HP Launches New Hardcore Security Layers

HP Computer has unveiled HP TPM Guard, an encrypted communication channel between Trusted Platform Module (TPM) and CPU, preventing interception and probing attacks during boot process.

The new hardware-rooted security has mattered more than ever given that traditional security strategies have focused heavily on software controls such as endpoint protection platforms, operating system hardening, and network monitoring.

Although these layers remain essential, they cannot fully protect a device if attackers can directly access the hardware, which informs the growing interest in hardware-rooted security – systems designed with protection built in from the silicon up.

The TPM is cryptographically bound to the device itself, meaning it cannot simply be moved into another device and tricked into revealing encryption keys. This closes a long-standing industry security gap while avoiding additional complexity for IT teams.

The laptop which is the centre of everything done at the organisation, holding most important work—from confidential documents and messages to credentials and sensitive data about customers and employees has become an increasingly attractive target for attackers.

At the same time, the value of these devices to attackers is increasing. Modern laptops are processing more sensitive information locally than ever before. The rapid adoption of AI-powered applications is accelerating this shift, as tools that analyze documents, images, and voice recordings expand the amount of sensitive data handled directly on endpoints.

A compromised laptop may also contain cached credentials, locally stored corporate data, or authenticated access to internal applications. Attackers can use this foothold to extract sensitive information or move deeper into enterprise networks.

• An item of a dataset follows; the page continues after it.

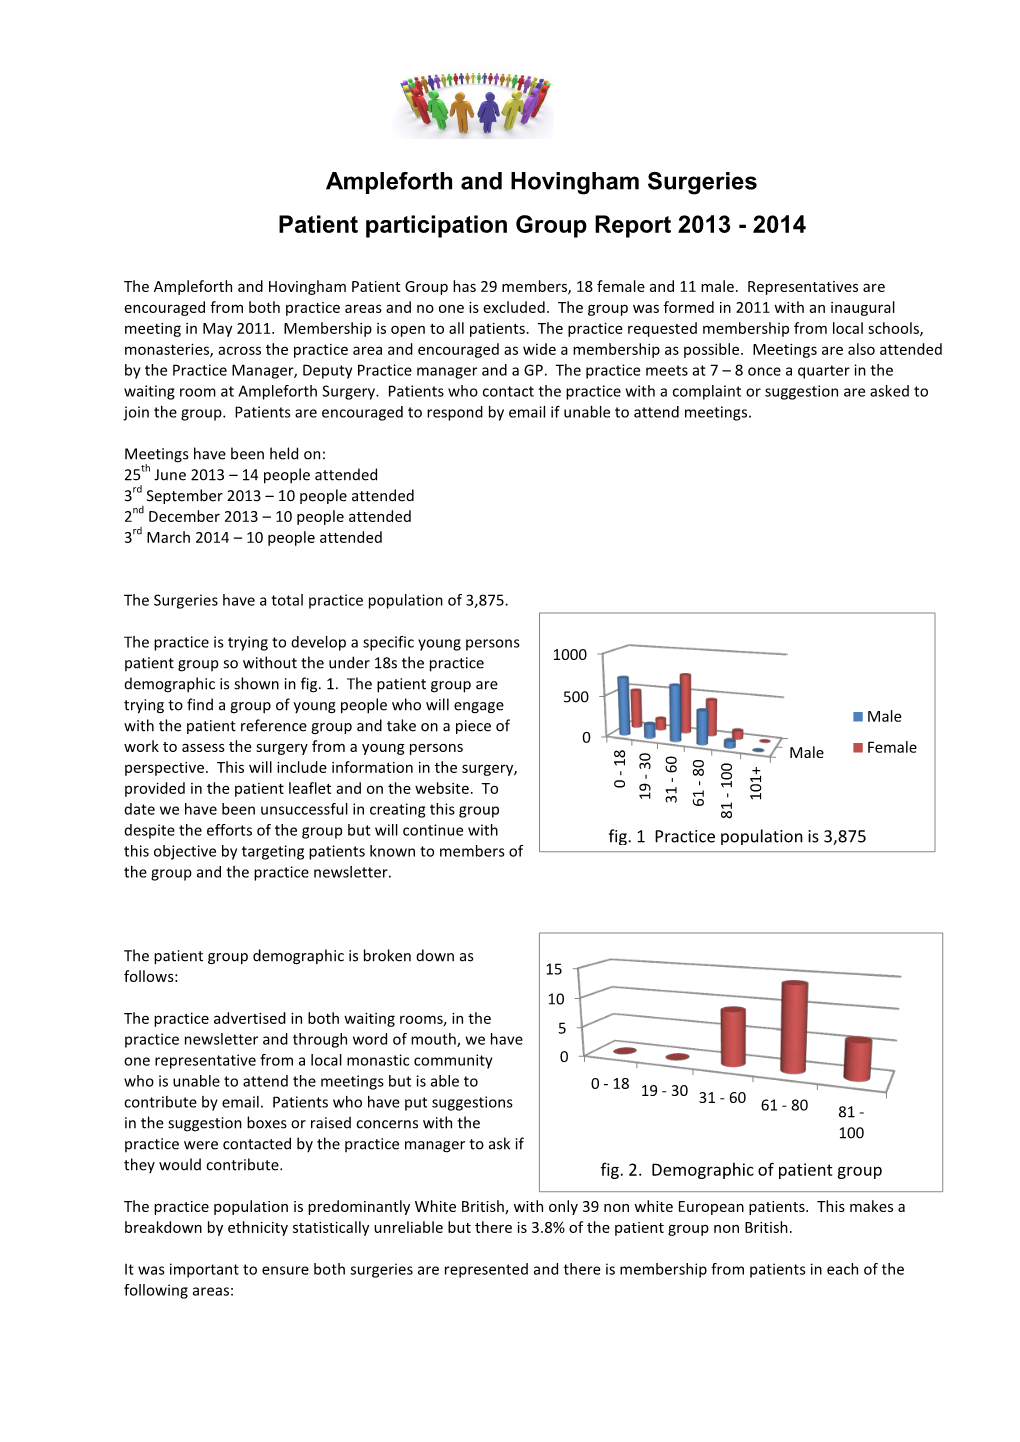 Ampleforth and Hovingham Surgeries Patient Participation Group Report 2013 - 2014

The need for enhanced security has become stronger out of recognition that BitLocker disk encryption, which most organisations rely on and deploy to ensure that data on lost or stolen laptops remain protected, can indeed be bypassed if an attacker has physical access to a device.

One example is a technique known as ‘TPM bus snooping’ which allows attackers to intercept communications between the device’s TPM, a specialized security chip responsible for several critical security functions. It securely stores cryptographic keys, supports authentication mechanisms, and enables secure boot processes.

In its default configuration, the TPM releases the disk decryption key during system startup once the device verifies that the boot environment is trusted. This default TPM-only configuration of BitLocker is attractive for ease of deployment, meaning many devices automatically unlock the encrypted drive during boot without requiring additional authentication.

Importantly, this isn’t a vulnerability that can simply be patched through software updates. The issue lies in how hardware components communicate during startup. Once an attacker has physical access to the device, they are operating outside many of the assumptions that software protections rely on.

For organizations, this creates an uncomfortable compliance question as to whether standard BitLocker can still be treated as a sufficient mitigating control when deciding if the loss of a device containing PII must be reported to national data protection authorities.